A conversation with Mission business owners

If you think Mission and you think mens wear, it’s almost impossible for your brain not to go directly to Rex Cox.

Rightly so, considering that this June will be their 95th year in business.

A major player in the world of menswear is owner, Carlo Billinger.

Carlo and his family immigrated from Germany in 1956 and they came straight to Mission. He grew up in a boarding house on the corner of Murray and 1st Avenue and consequently spent his entire childhood and teenage years down on Main Street.

“I knew all the business people by first name,” Carlo explains. “And they all knew me. I was always the kid they hired to do their odd jobs.”

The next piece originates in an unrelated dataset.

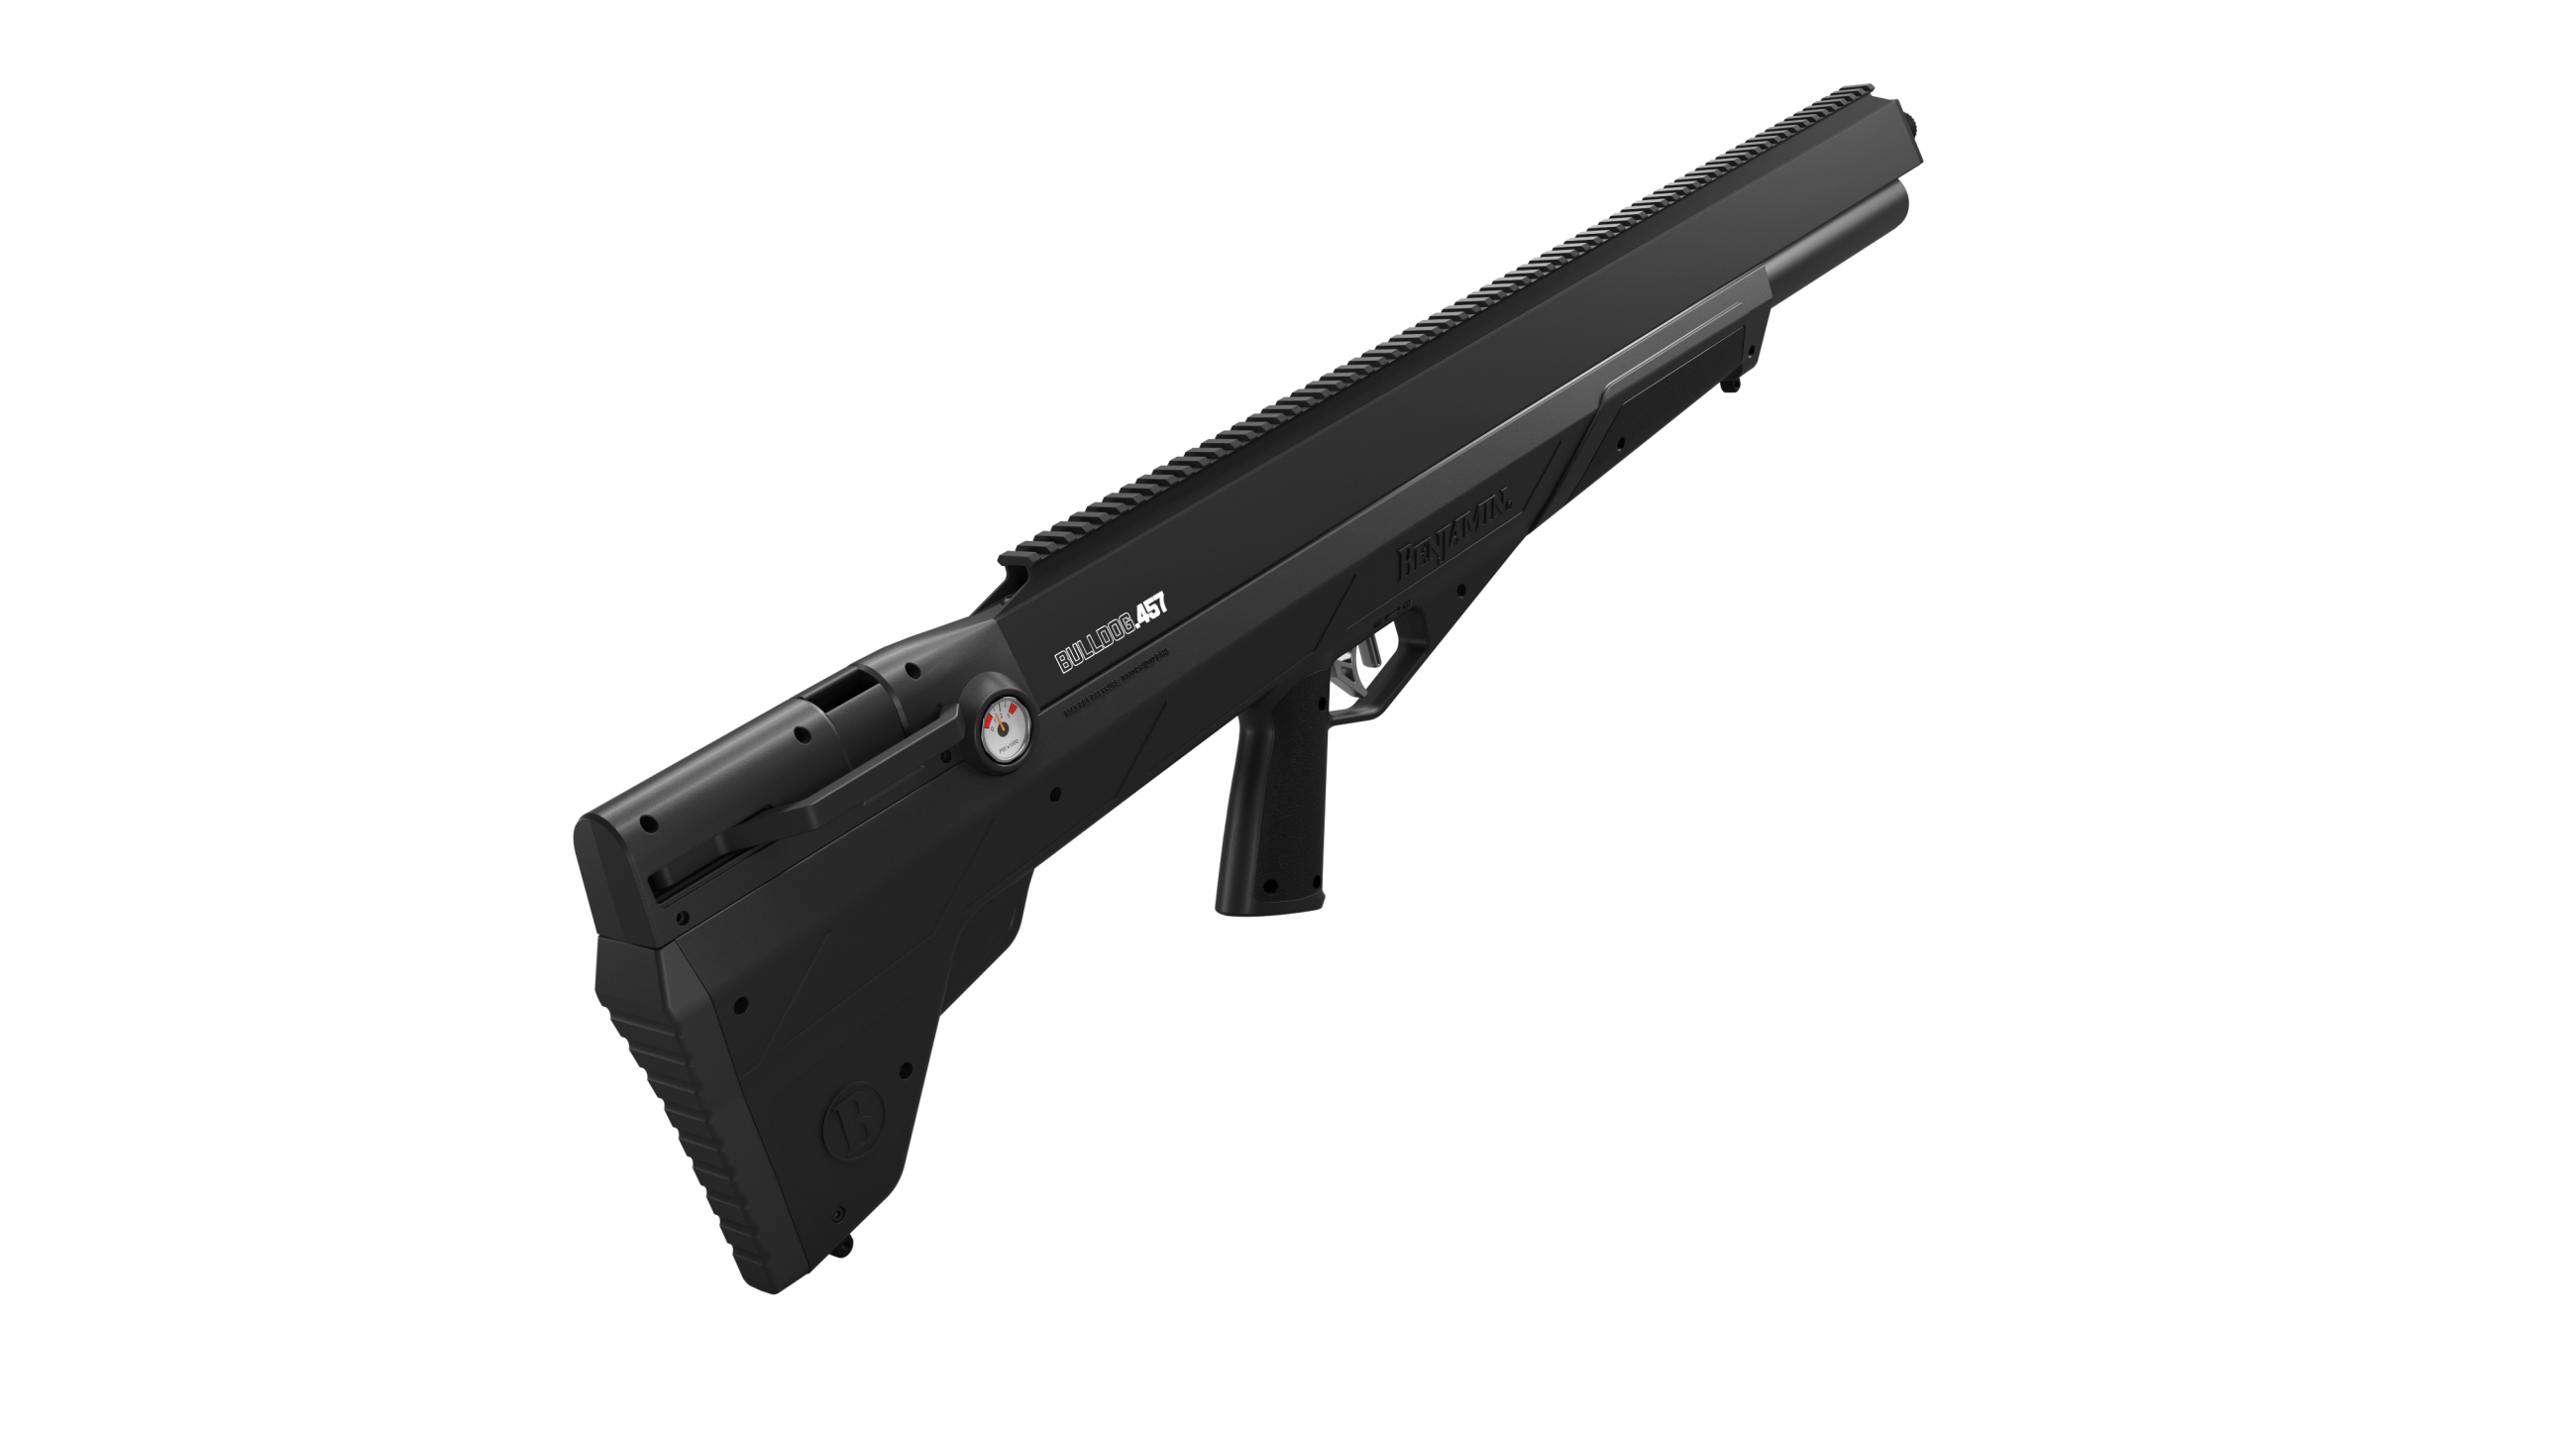 Big Bore Air - The New Benjamin Bulldog 457 PCP Air Rifle

It’s hard not to get nostalgic, being reminded of Mission’s past individuals and businesses that were once such an integral part of the downtown core – Toothy Lane from Lane’s Men and Ladies Store, the Jersey Lunch, the old Dairy Queen and of course, Rex Cox.

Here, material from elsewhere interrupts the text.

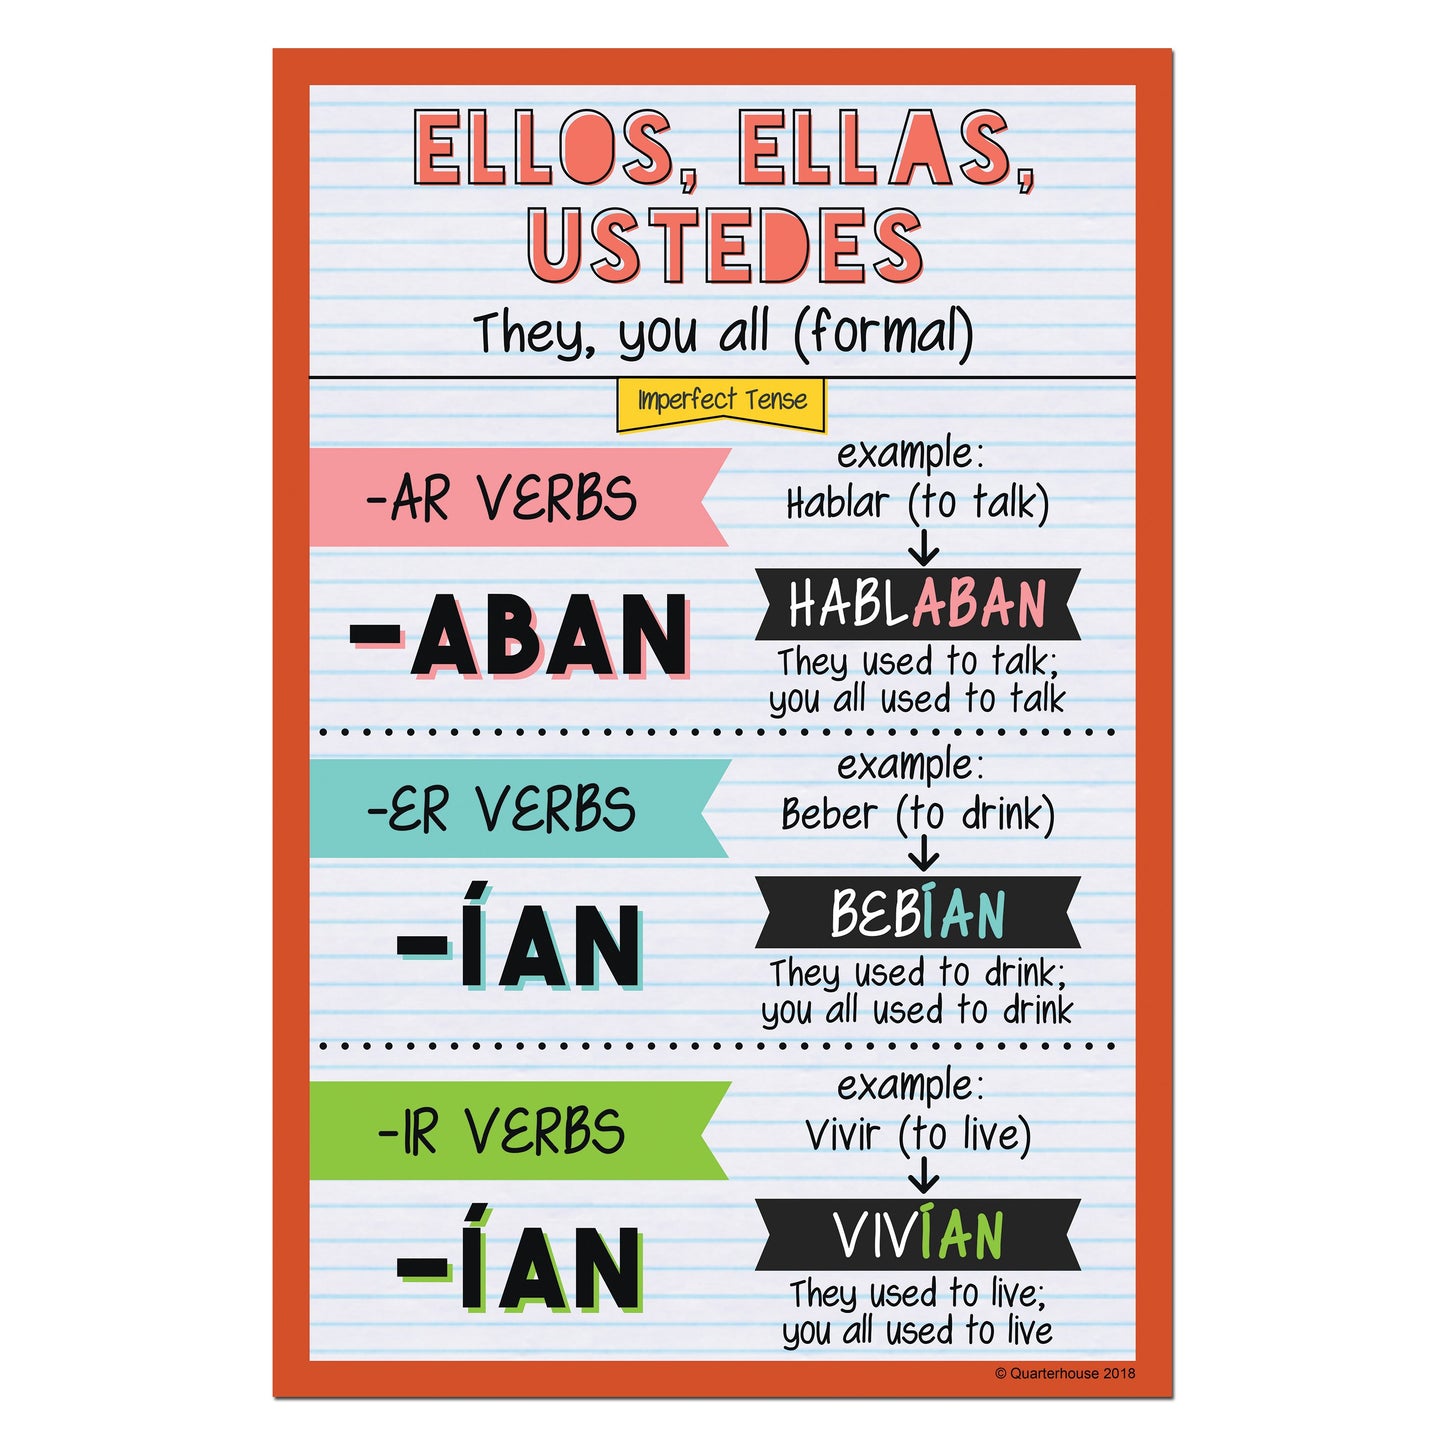 Quarterhouse Ellos, Ellas, Ustedes - Imperfect Tense Spanish Verb Conjugation Poster, Spanish and ESL Classroom Materials for Teachers

Mission was always important to Carlo but like most young men, his aspirations were soaring and after high school, he enrolled in BCIT to pursue his education.

Fortunately for our little town, Carlo ended up with a burst appendix which, after being hospitalized for three weeks, forced him out of school and back to Mission.

In 1979, Ted Buckle’s father made Carlo an offer to buy the business as a joint venture and he and Ted have owned it ever since.

“I got married in Mission. Both my daughters were born and raised in Mission.” Carlo tells us. “In my heart, I will always be a Mission guy.”

Rex Cox has been good to Carlo and Ted.

Not many businesses can brag loyal and solid customers ranging over three or four generations. They have always been forward thinking with their clothes line and have the astounding ability to talk most men in to newer, more fashionable outfits.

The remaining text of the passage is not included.